We both came down with an acute case of culture shock when we disembarked in Singapore after visiting India. The sudden transition from chaos and contradiction to cleanliness, order, and efficiency surprised us, but was certainly not unwelcome. Two days is not enough time to really take in a country, even a country that is only 26 miles wide by 14 miles long and therefore feels more like a city than a city-state. As our friend Holly commented, “It’s a half marathon or a full one–your choice.” Trying to take it in, however, was loads of fun. Here’s what we learned during our too-short stay:

  • Life-size cardboard cutout Singaporeans welcome ship passengers and direct them out of the cruise terminal and into the first of hundreds of malls in the city.
  • The subway queue ladies teach Singaporeans and foreigners how to line up to board the trains. They also urge those in the queue to stand aside when the subway doors open in order to allow passengers to exit the train before those trying to board squeeze through the small opening. The subway queue ladies make it pretty clear that following these simple rules can turn subway passengers’ frowns upside down. The lesson: if you need to teach people manners, be cute, be funny, and wear awesome dresses.
  • Indian superstars are just as fabulous in Singapore’s Little India as they are in Bollywood.
  • Hindu and Buddhist temples are beautiful in different ways.
  • Hosting visiting students and faculty from the National University of Singapore for a fancy dinner, giving tours of the ship, and telling them all about Semester at Sea is, seriously, the best way to spend an evening in Singapore.
  • Tiger beer is delicious.
  • Coke slurpees from 7/11 are even more delicious.
  • Singaporeans like to bowl. The proper ceremony for celebrating after rolling a strike or spare is badass break-dancing.
  • Breakdance Bowling in Singapore from Sam and Shannon Bloomquist on Vimeo.

  • The cutest, friendliest, and most effective kite salesperson in the world works in Singapore’s Chinatown. We were more charmed by this young lady than anyone we’ve met to date. Here’s hoping she grows up to attend to the National University of Singapore and sail on Semester at Sea someday…when we are also working on the ship again so that we can have the pleasure of her company for a much longer period of time.

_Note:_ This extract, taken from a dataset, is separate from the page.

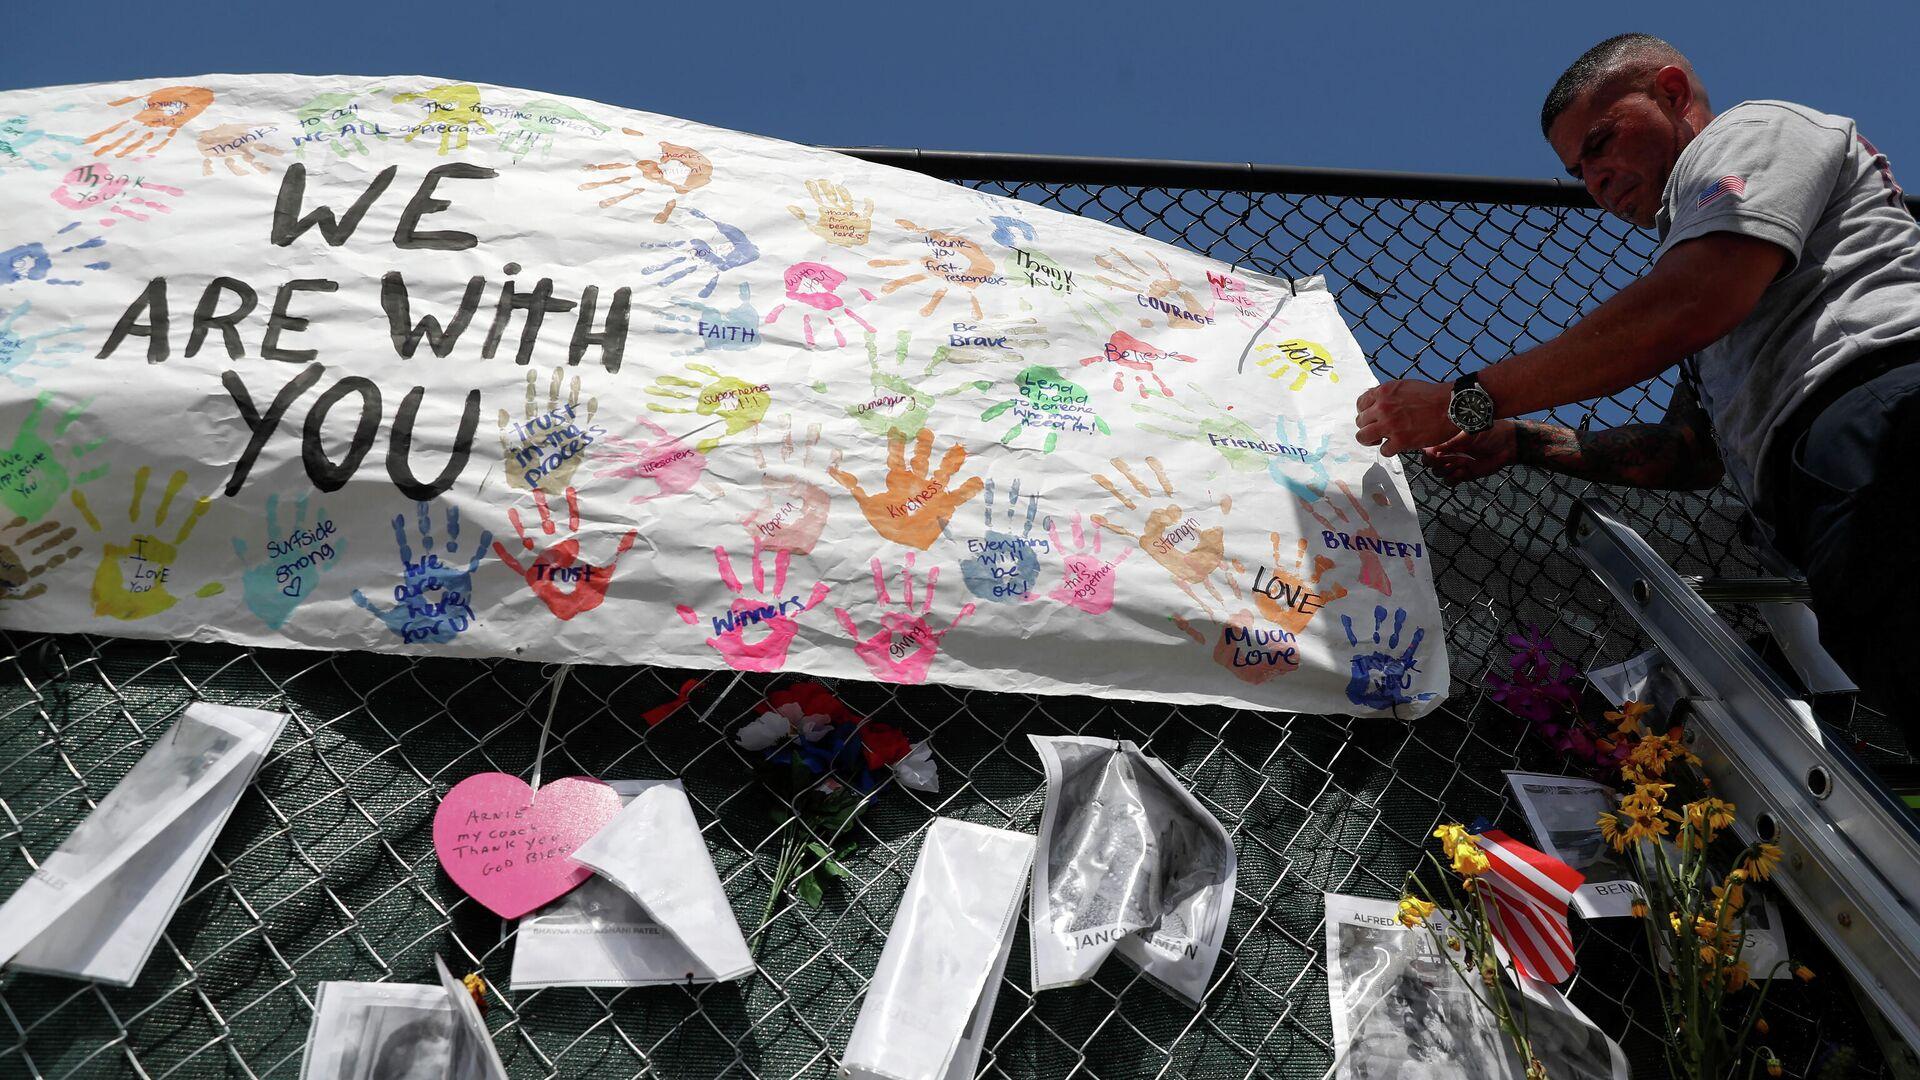 Un memorial improvisado para las víctimas del colapso del edificio Champlain Towers South en Miami, Florida (EEUU), el 8 de julio de 2021 - Sputnik Mundo, 1920, 11.07.2021

  • The Singapore Botanical Gardens are stunning, peaceful, and good for the soul. The orchid collection is mind-blowingly beautiful. Fellow shipmates, world travelers, and orchid enthusiasts Tom and Brett informed us that these gardens beat the pants off any botanical gardens they’ve ever visited.

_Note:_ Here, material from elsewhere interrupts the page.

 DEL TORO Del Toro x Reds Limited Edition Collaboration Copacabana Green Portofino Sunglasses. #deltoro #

  • While shopping you need to watch out for the Snatch Thieves, make friends with Bobby the white dog, and try to comprehend Beyondness of Singing at K Box!
  • An observant eye can spot a great set of knockers.
  • Bathroom locations are clearly marked.
  • Buddhist warrior statues are intimidating.

Singapore is a very fun city(-state). The people were warm and welcoming, and we managed to stay on the good side of the law by not spitting (FINE), selling chewing gum (FINE), performing acts of vandalism (IMPRISONMENT and/or PUBLIC CANING), or possessing any reefer (DEATH). The bottom line? If you don’t steal, spit, sell gum, steal, vandalize, possess drugs, or do anything worse than all that, having a fantastic time in the (mer)Lion City takes no effort whatsoever. We loved it and would visit again in a heartbeat if given the opportunity.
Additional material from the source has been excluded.